Score may be a rather limited look at the world of film music, as the focus is strictly on some of the biggest names in the business like John Williams, Bernard Herrmann, and Danny Elfman, but it’s still a powerful work. This film works so well because the music it’s showcasing is so moving and successful. There is very little music in this film that you won’t immediately recognize, and the feelings that come with that music is something you’ll experience once again. That’s really the point of Score though, as directors, musicians, orchestra members, and composers talk about the importance of the film score, and they way they go about constructing it.

What is said is less important that what we here in Score, which is a good thing because there is very little depth to the information presented. We’re not really taken into the process of creating the music, but it’s a difficult thing to really explain. Music is something that you experience, and the best looks at the creative process in this film is when we get to see some of the composers simply sitting down to bang away on a random instrument for fun. Those instruments can be quite unusual at times, which is also part of the fun. There are times where someone will play a few notes on an instrument and you’ll immediately know where it was used. This is best illustrated when we hear the familiar sounds of the Rugrats television show.

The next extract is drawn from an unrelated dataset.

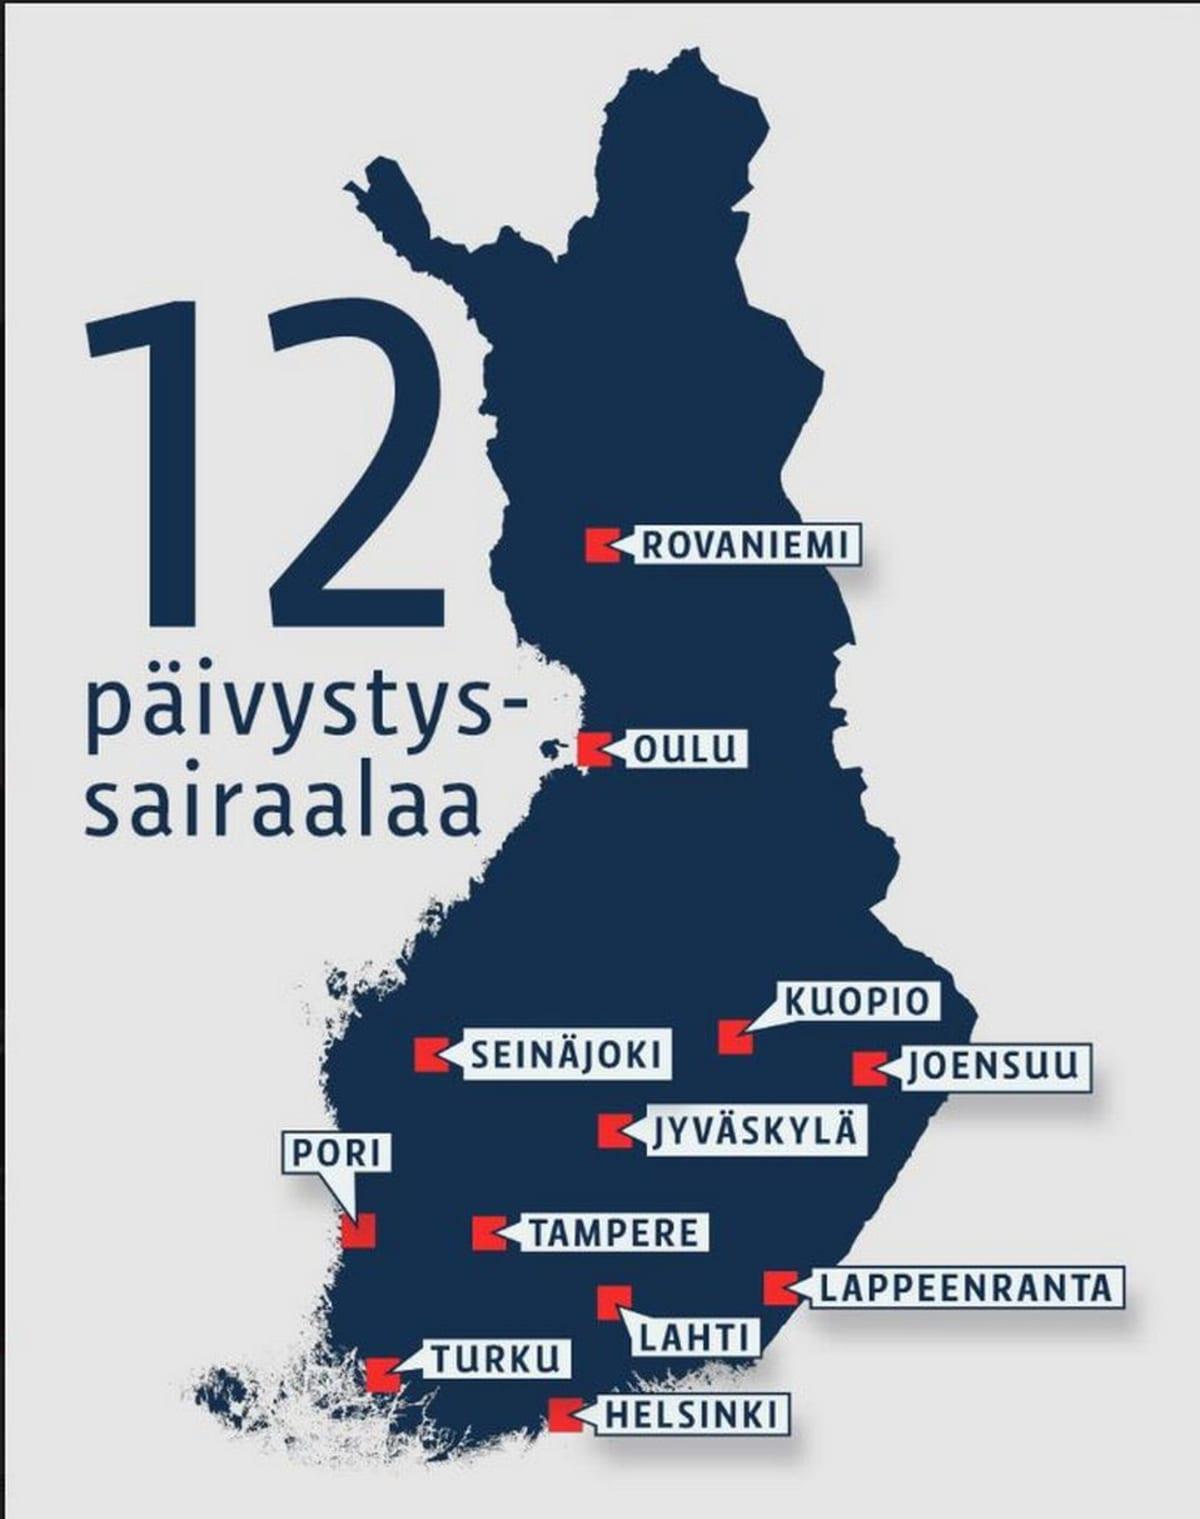 Suomen kartta ja siinä on 12 paikkakuntaa

As the film moves through the decades, we get to see what inspired each new style of film score, but the majority of the time is spent on orchestral work. Think John Williams or Hans Zimmer. There’s nothing wrong with that at all, but it feels like just one piece, albeit the largest, of the puzzle. Towards the end, we see the work of Trent Reznor and Atticus Ross, which is certainly a sidestep away from the orchestras we’ve watched for the majority of the film, but it’s only for a few minutes. It would have been nice to move beyond the most obvious and iconic pieces of music, but it’s hard to say that Score: A Film Music Documentary doesn’t benefit from its focus on the favourites.